In the survey the developers allowed individuals to provide free-form descriptions of R/E.  Then these free form responses are to be put into the stylized R/E buckets used by the Census and others.  Here is the log

Set SASCDC_2.Arias_County_RC_ETHNIC_CLEANUP;
577       If  Identify_Race_or_Ethnicity in
577! ("American_Indian","American_Indian_(Cheeroke)","American_Indian_or_Alaskan
                      ---                          ---                                 ---
---
---
                      49                           49                                  49
49
49
577! Native","Apache","Caucasian/_NAtive_American_Cow_Creek","Caucasian/_Native_American",
NOTE 49-169: The meaning of an identifier after a quoted string might change in a future SAS
             release.  Inserting white space between a quoted string and the succeeding
             identifier is recommended.
NOTE 49-169: The meaning of an identifier after a quoted string might change in a future SAS
             release.  Inserting white space between a quoted string and the succeeding
             identifier is recommended.

581             "American_Indian/Hispanic") then Identify_Race_or_Ethnicity = 'NATIVE_AMERICAN'
581! ;
582  run;
581             "American_Indian/Hispanic") then Identify_Race_or_Ethnicity = 'NATIVE_AMERICAN'
                                         ------------------------------------------------------
                                         49
581! ;
NOTE 49-169: The meaning of an identifier after a quoted string might change in a future SAS
             release.  Inserting white space between a quoted string and the succeeding
             identifier is recommended.

583  Data SASCDC_2.Arias_County_RC_ETHNIC_CLEANUP;
584     Set SASCDC_2.Arias_County_RC_ETHNICITY_A;
585
586     If Identify_Race_or_Ethnicity in ("Mexican-Indian (these were their own words)", "US
                                                                                      ----
----
----
----
                                                                                      49
49
49
49

I am not sure what the log is trying to tell me?  It is a note not an error technically, however when I check the field that is to be changed many of the free form texts are still there. I am searching for answers or remedies (that is why there are underscores between letters and other text expressions in the above).

 

In some other coding like Python that is sensitive to whitespace there is at least and explanation of how to correct and then the code runs as expected.  Here I think SAS is ambiguous (maybe not - so that is why I am asking how to correct this - even though it is just a note because the code doesn't produce the expected result.)

 

Thank you for your help.

 

wlierman

1 ACCEPTED SOLUTION

Accepted Solutions
Tom
Super User Tom
Super User

The error message is just the place where SAS compiler was able to see something strange.  It has tagged this code was strange.

","A

So it is saying that you shouldn't use A right after the quoted comma because SAS might decide to use that to indicate some type of special constant.  Like they use D, T and DT for date, time and datetime constants.

 

Look higher up somewhere in your code for unbalanced quotes.

 

View solution in original post

5 REPLIES 5
Reeza
Super User
Add a space between the quotes and comma. Or you can remove the comma's entirely within a data step.

"American_Indian"_,
The compiler would like to see that underscore as a space.

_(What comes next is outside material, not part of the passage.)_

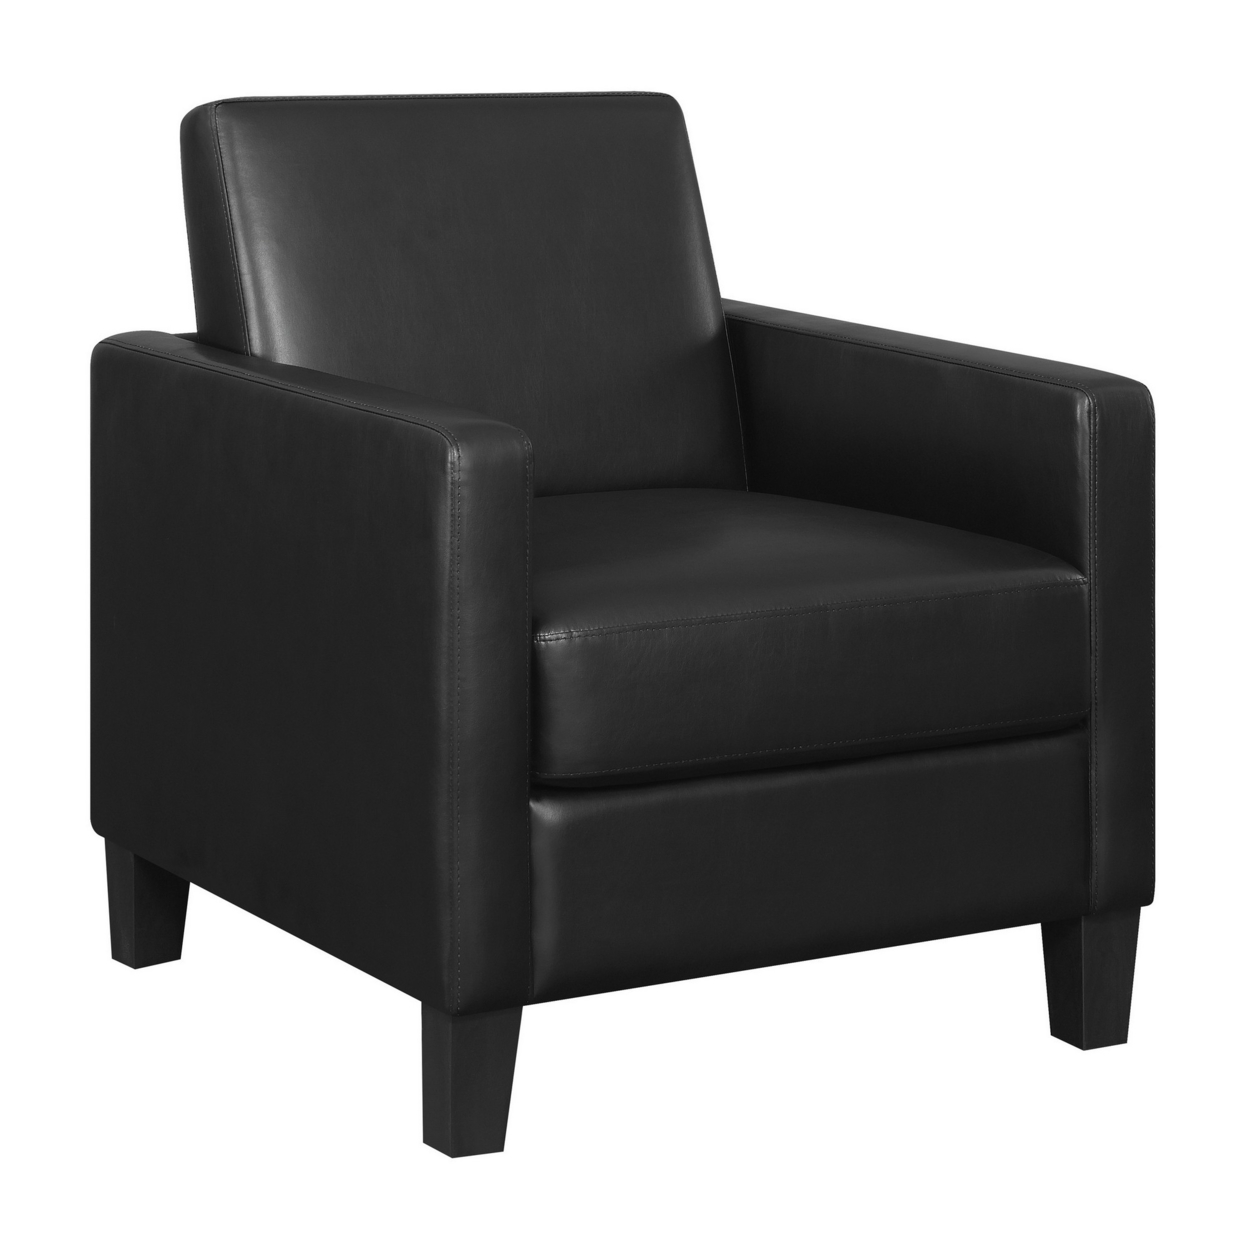 34 Inch Modern Accent Chair, Angled Back, Modern Style, Black Faux Leather- Saltoro Sherpi

The rationale is because SAS literals use a similar notation where the character after the quote does have meaning, ie

'01Jan2019'd -> d here tells SAS to read that as a date not as a character or 'My date'n tells SAS this is a variable name, not just a string of characters.

The log is warning you that this could be an issue in the future, but it's not an error. I would fix it because otherwise you don't know if you have a new issue or if it's the same ol' issue.
ballardw
Super User

Of course it depends on exactly which race/ethnicity coding you are emulating. There is more than one "census" encoding scheme and you have several of those that would fall into "more than one race" in at least one of the schemes.

 

I've often used custom informats to address such issues to map relatively open text to specific values with an Other= _error_ option to have the log tell me when there are values I didn't expect.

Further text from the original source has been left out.